Entries supplied.
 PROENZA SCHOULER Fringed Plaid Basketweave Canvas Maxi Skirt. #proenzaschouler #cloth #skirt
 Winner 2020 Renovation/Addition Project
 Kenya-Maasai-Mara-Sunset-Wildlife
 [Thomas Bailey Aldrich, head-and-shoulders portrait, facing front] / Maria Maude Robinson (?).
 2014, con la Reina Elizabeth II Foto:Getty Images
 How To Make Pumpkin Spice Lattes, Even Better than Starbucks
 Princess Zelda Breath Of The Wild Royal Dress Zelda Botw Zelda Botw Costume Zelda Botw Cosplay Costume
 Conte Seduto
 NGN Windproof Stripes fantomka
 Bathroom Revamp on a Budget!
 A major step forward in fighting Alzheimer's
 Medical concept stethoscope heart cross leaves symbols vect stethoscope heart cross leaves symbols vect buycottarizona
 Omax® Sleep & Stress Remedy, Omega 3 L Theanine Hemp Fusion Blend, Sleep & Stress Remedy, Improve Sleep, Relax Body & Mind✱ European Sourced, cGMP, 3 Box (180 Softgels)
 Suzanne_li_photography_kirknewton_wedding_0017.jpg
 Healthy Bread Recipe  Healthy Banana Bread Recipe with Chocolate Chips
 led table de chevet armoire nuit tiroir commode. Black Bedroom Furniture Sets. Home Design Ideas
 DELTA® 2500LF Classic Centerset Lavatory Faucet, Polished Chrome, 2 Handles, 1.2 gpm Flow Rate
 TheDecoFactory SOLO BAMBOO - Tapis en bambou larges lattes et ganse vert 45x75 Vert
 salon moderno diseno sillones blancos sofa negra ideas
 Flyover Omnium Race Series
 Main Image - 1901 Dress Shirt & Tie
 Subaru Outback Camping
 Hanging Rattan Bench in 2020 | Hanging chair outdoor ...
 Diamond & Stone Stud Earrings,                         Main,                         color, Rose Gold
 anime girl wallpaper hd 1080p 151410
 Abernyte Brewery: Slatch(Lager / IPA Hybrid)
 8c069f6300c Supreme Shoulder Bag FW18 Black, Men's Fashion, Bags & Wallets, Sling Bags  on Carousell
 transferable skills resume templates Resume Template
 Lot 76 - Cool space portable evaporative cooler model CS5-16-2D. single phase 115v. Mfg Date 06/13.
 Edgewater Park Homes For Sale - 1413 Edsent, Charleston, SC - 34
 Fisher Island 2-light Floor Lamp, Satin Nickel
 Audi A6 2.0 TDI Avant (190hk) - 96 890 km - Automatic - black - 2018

Task item. Only the lines from the one bearing "Main Image - 1901 Dress Shirt & Tie" through the end of the entries above belong in the answer, each one exactly as given.

Reply to the exercise.
 Main Image - 1901 Dress Shirt & Tie
 Subaru Outback Camping
 Hanging Rattan Bench in 2020 | Hanging chair outdoor ...
 Diamond & Stone Stud Earrings,                         Main,                         color, Rose Gold
 anime girl wallpaper hd 1080p 151410
 Abernyte Brewery: Slatch(Lager / IPA Hybrid)
 8c069f6300c Supreme Shoulder Bag FW18 Black, Men's Fashion, Bags & Wallets, Sling Bags  on Carousell
 transferable skills resume templates Resume Template
 Lot 76 - Cool space portable evaporative cooler model CS5-16-2D. single phase 115v. Mfg Date 06/13.
 Edgewater Park Homes For Sale - 1413 Edsent, Charleston, SC - 34
 Fisher Island 2-light Floor Lamp, Satin Nickel
 Audi A6 2.0 TDI Avant (190hk) - 96 890 km - Automatic - black - 2018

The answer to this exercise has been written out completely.